# Herf?



## bama (Jan 24, 2007)

What is a herf? A cigar gathering?


----------



## icehog3 (Feb 20, 2005)

bama said:


> What is a herf? A cigar gathering?


Exactly....2 or more BOTLs getting together for the social part of the cigar experience.

Nothing like a Gorilla Herf, dem cats is da bestest!!

Check out the MoB Herf thread, and come see for yourself.


----------



## bama (Jan 24, 2007)

icehog3 said:


> Exactly....2 or more BOTLs getting together for the social part of the cigar experience.

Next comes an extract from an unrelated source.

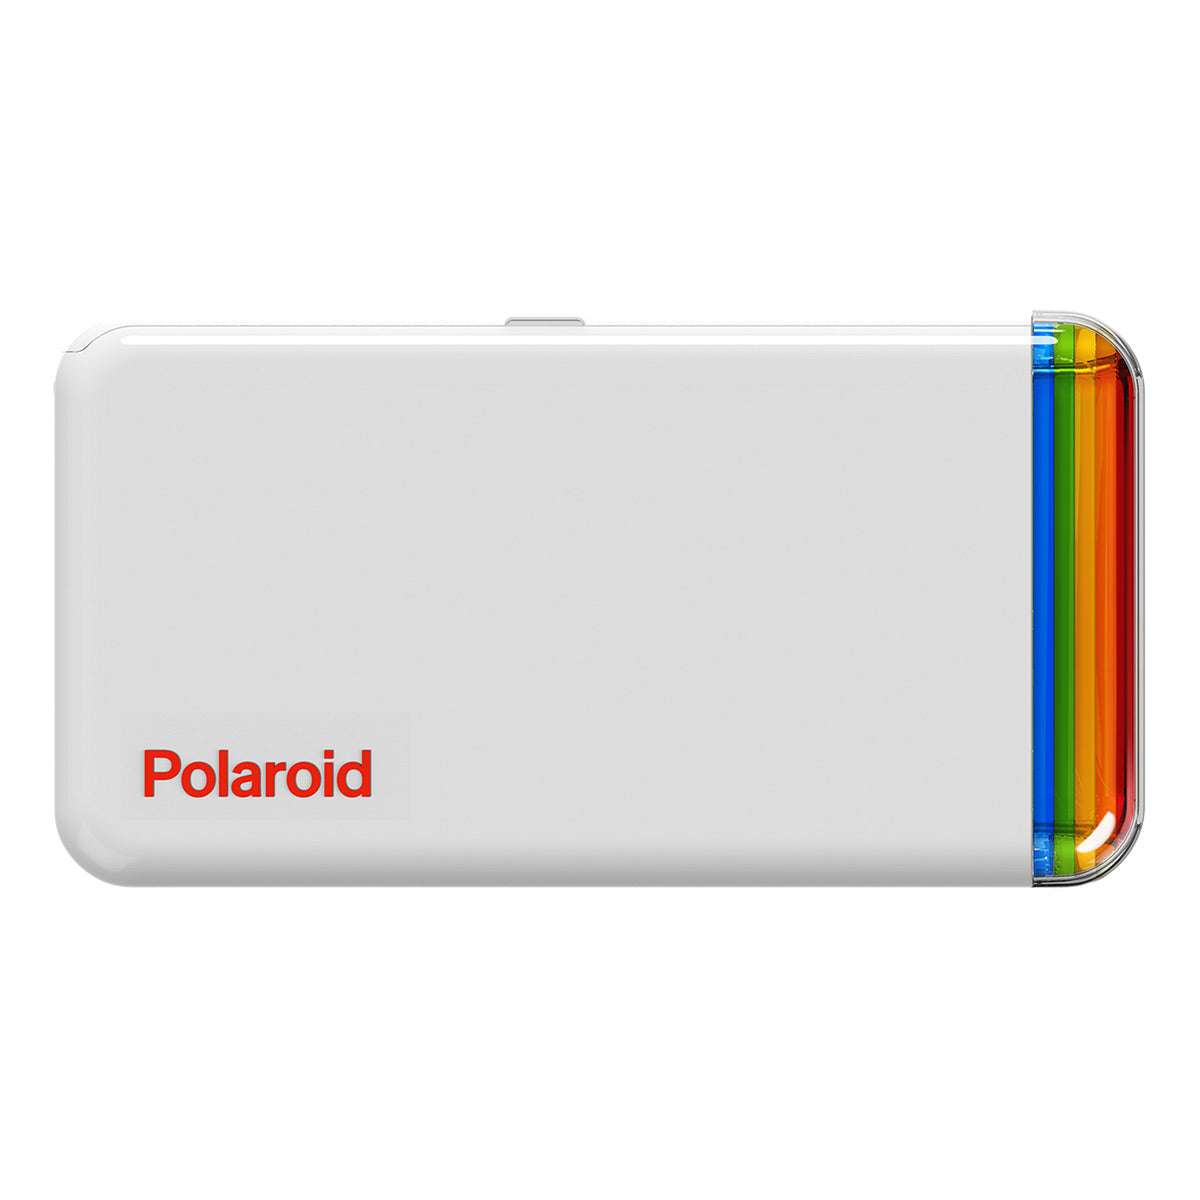 Polaroid Pair of Hi-Print 2x3 Bluetooth Pocket Photo & Sticker Printer with Two Pack of 2x3 Paper Cartridges with Self Adhesive Back (40 sheets)
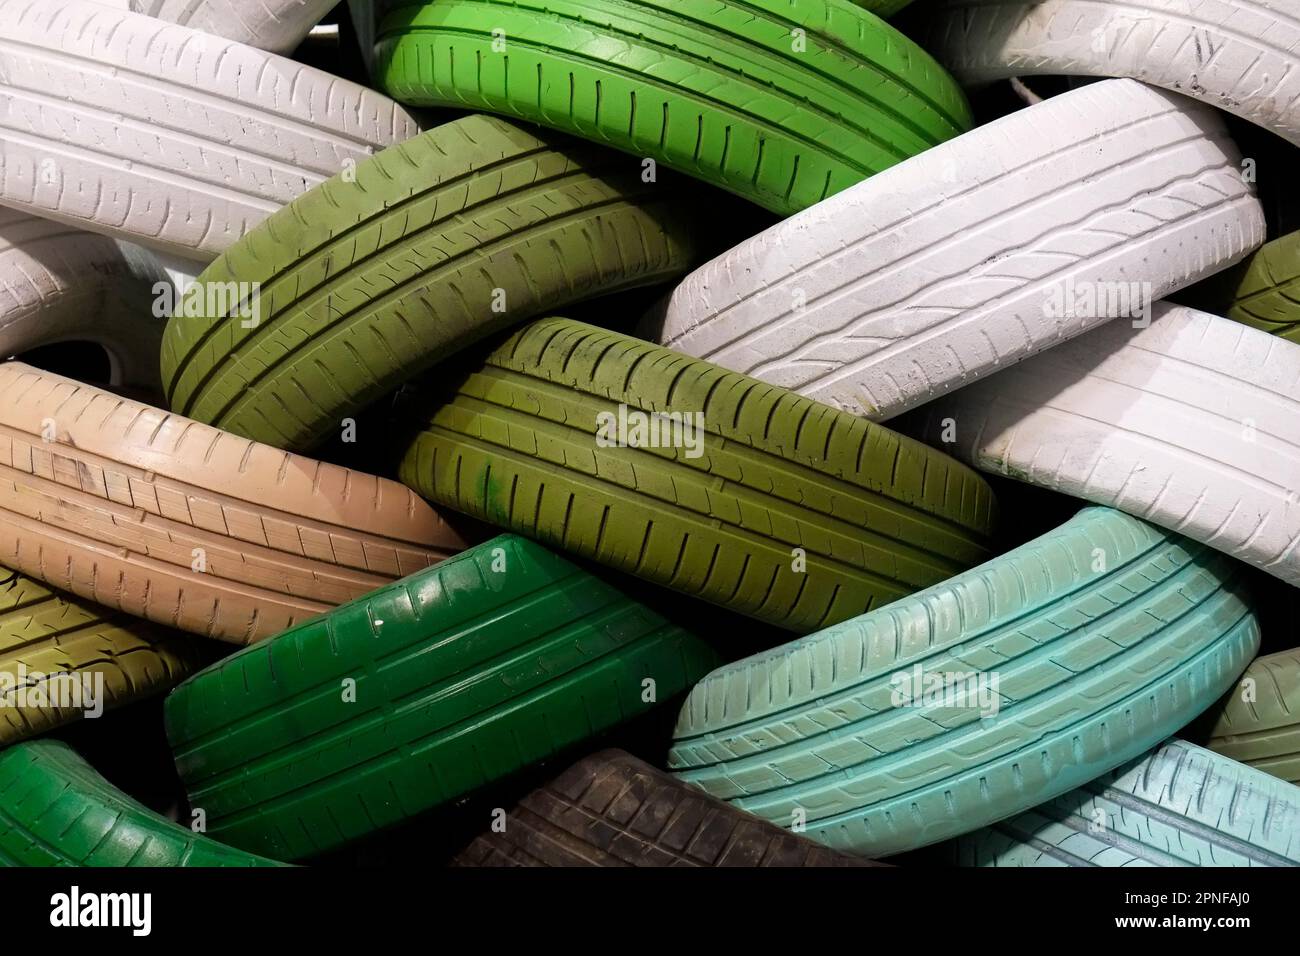 Wall of colorful recycled tires Stock Photo

At the risk of showing even more ignorance...BOTL???


----------



## Malik23 (Sep 21, 2006)

Brother of the Leaf


----------



## bama (Jan 24, 2007)

Thanks!


----------



## pnoon (Jun 8, 2005)

There is tons to learn here. Read the sticky threads in each of the forums. Many of your questions will be answered.


----------



## bama (Jan 24, 2007)

pnoon said:


> There is tons to learn here. Read the sticky threads in each of the forums. Many of your questions will be answered.


Will do.


----------



## Blaylock-cl (Apr 28, 2006)

Here's a few threads I've have found helped me learn many of the terms used here:

Abbreviations

Acronyms

I'll send you the test when you're ready. 

Hope this is helpful!


----------